While the company, which charges fishermen a fee for the service, got its start working with small, artisanal fishermen, it does not exclusively host seafood that has high sustainability marks (though it does provide sustainability ratings to users). Instead, it focuses on empowering consumers with information. It designed its platform to be flexible and scalable to work with any kind of fishermen, from the small to the industrial level.
“The real philosophy of ThisFish is that we want to help consumers make more informed decisions about what to buy,” says Tamm. “We don’t want to tell consumers what to buy, we just want to provide credible information in a clear, visual way.”

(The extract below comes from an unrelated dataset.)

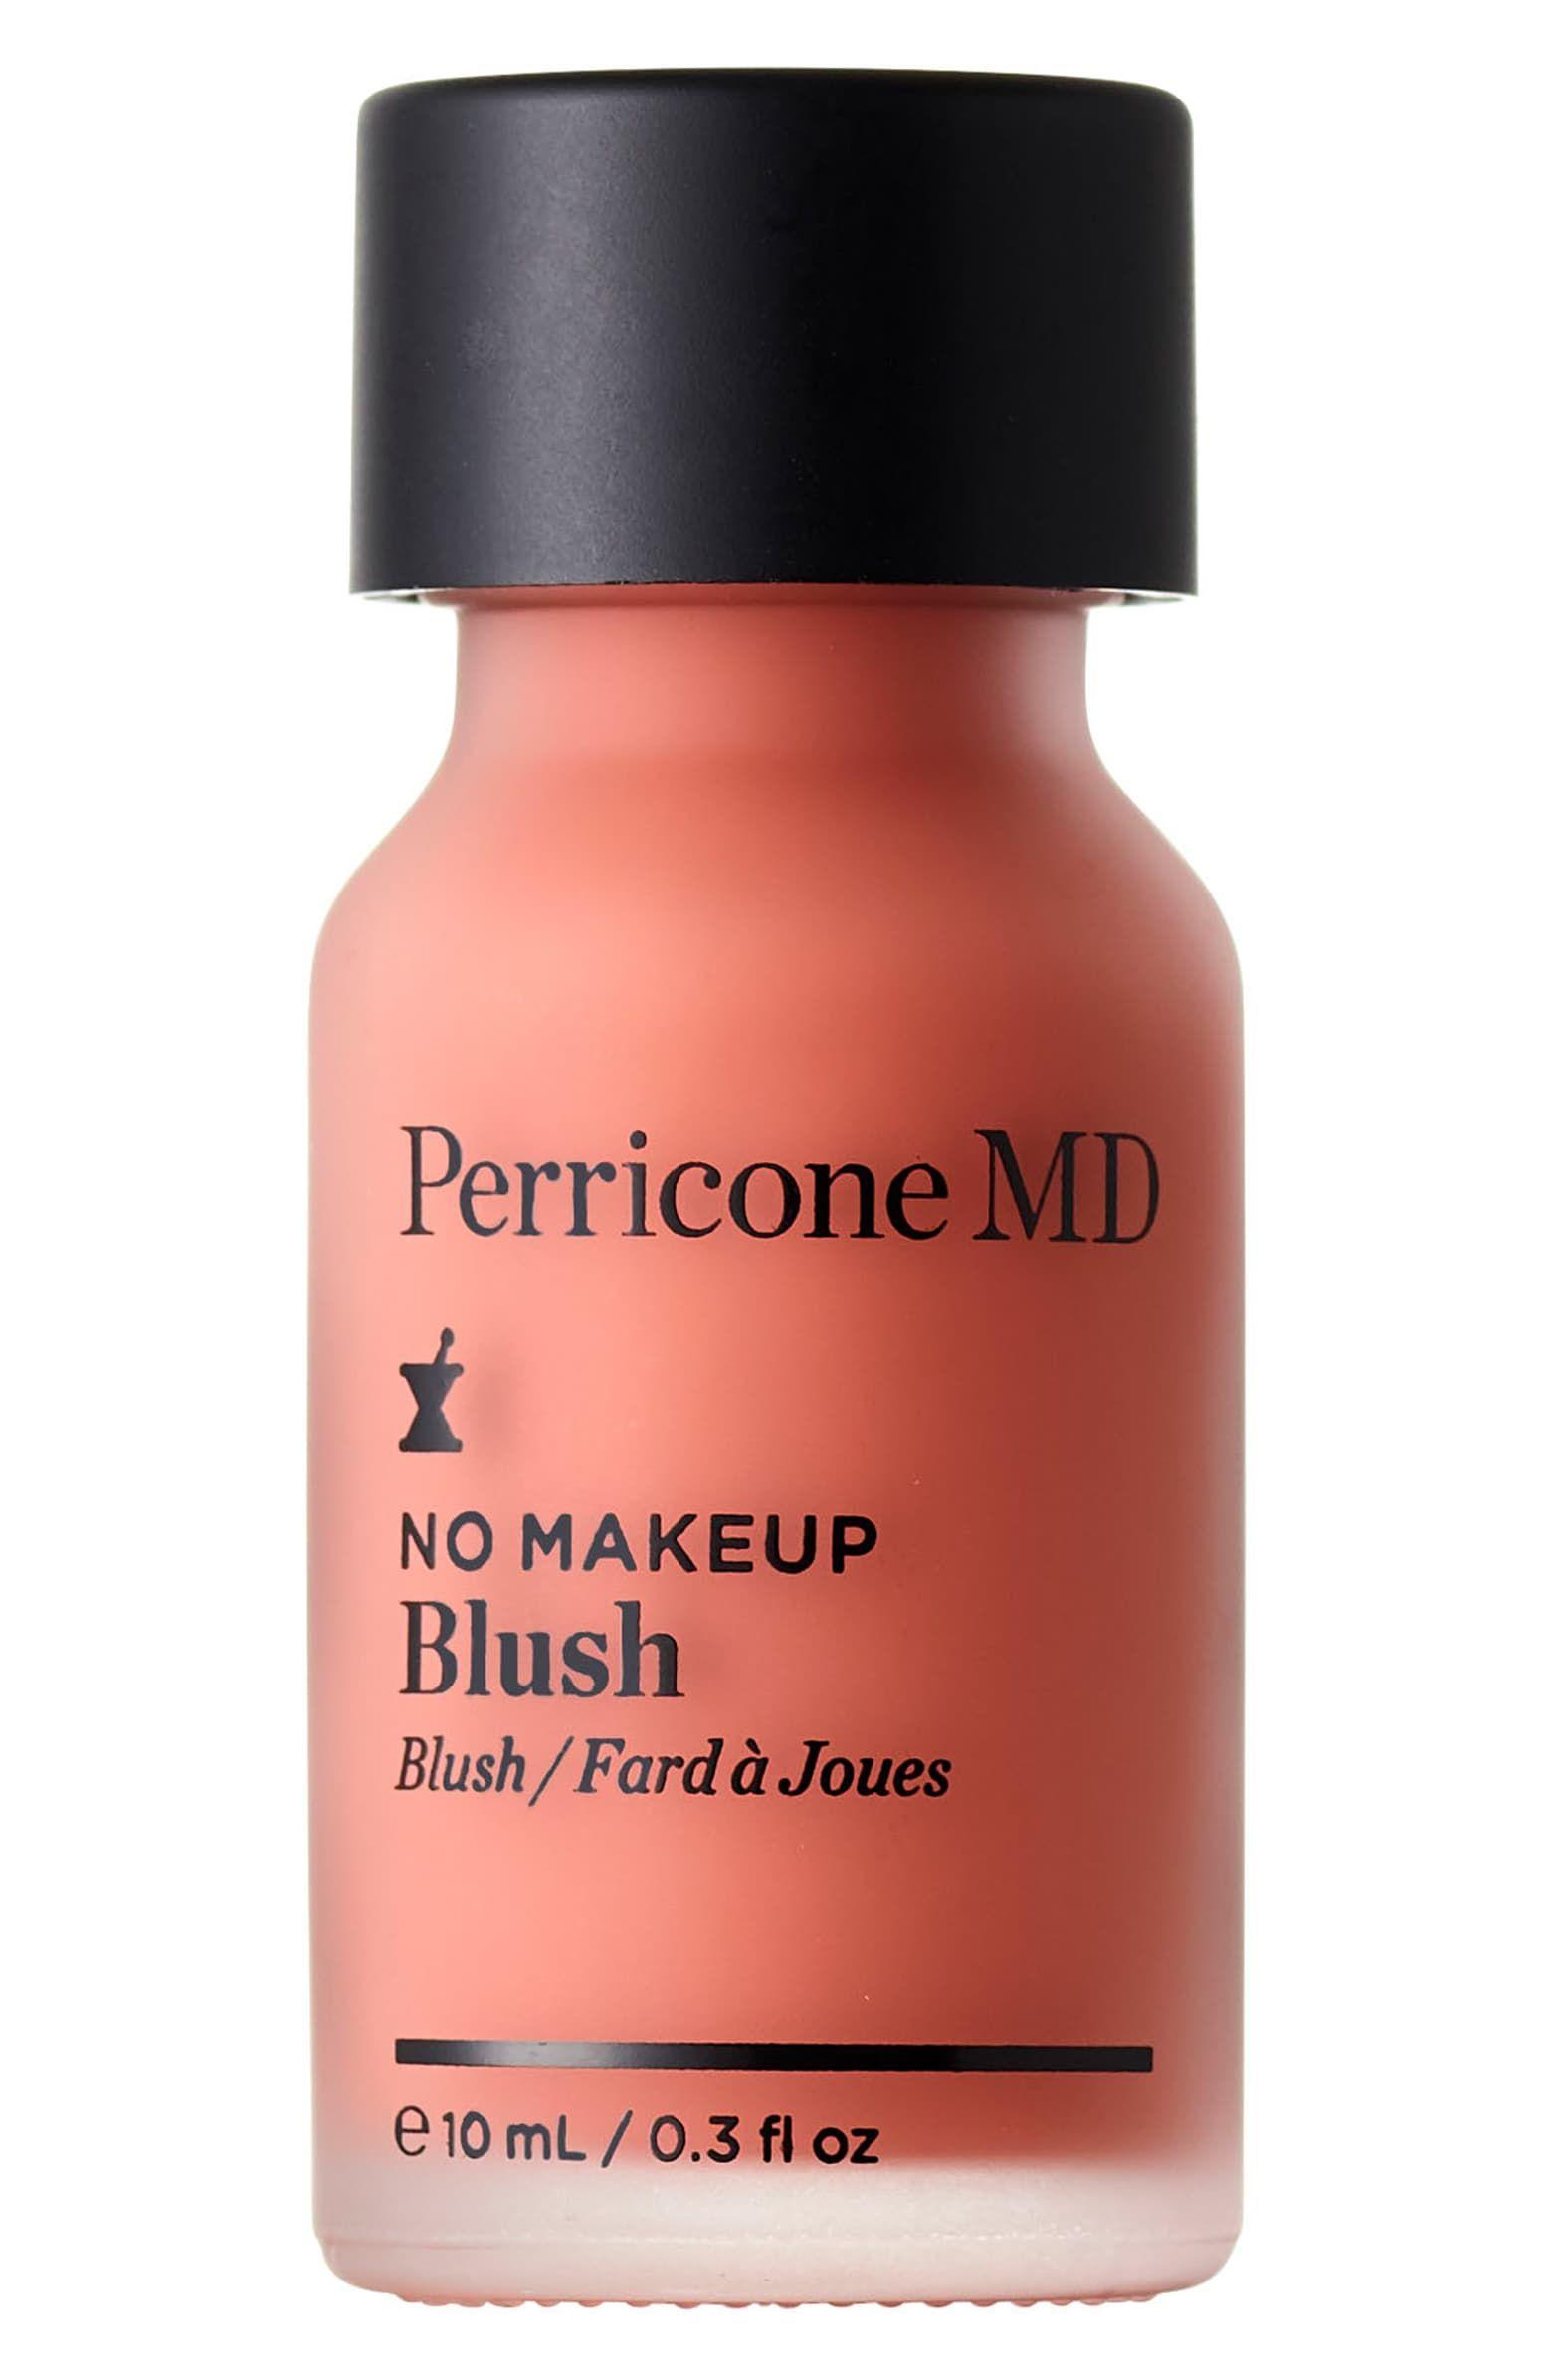 Perricone MD No Makeup Blush Blush makeup, Perricone md

ThisFish has found that while there is often a strong focus on the sustainability rating of a fish, “buy local” may be just as strong a rallying cry for consumers. In a survey of 300 ThisFish users, 89 percent said they were motivated to trace their fish because they wanted to know where it was caught. By comparison, checking eco-certification and sustainability ratings was cited by about 25 percent of respondents.
For Tamm, the real power of traceability is that it can address any type of consumer concern: “Traceability is not just a one-trick pony. It’s not just about sustainability, it’s not just about local, it’s not just about the quality of your food.” Traceability can help improve all of these things, he says.
While Tamm sees transparency-focused entrepreneurs entering the seafood industry as a promising force for change, consumer demand will also play a big role. “Over time consumer expectations will start to rise,” he says, “and people will...just have the expectation that ‘if I'm going to buy this product, I deserve to know how and where it was produced.’”
For now, a little extra effort at the restaurant or grocery store can help protect you against seafood fraud. Gib Brogan of Oceana advises consumers to buy from places they trust and ask questions about the species type and where and when it was caught. Anyone selling seafood should at least know those basics, he says. Above all, use a shopper's common sense: "If a deal is too good to be true, it probably is."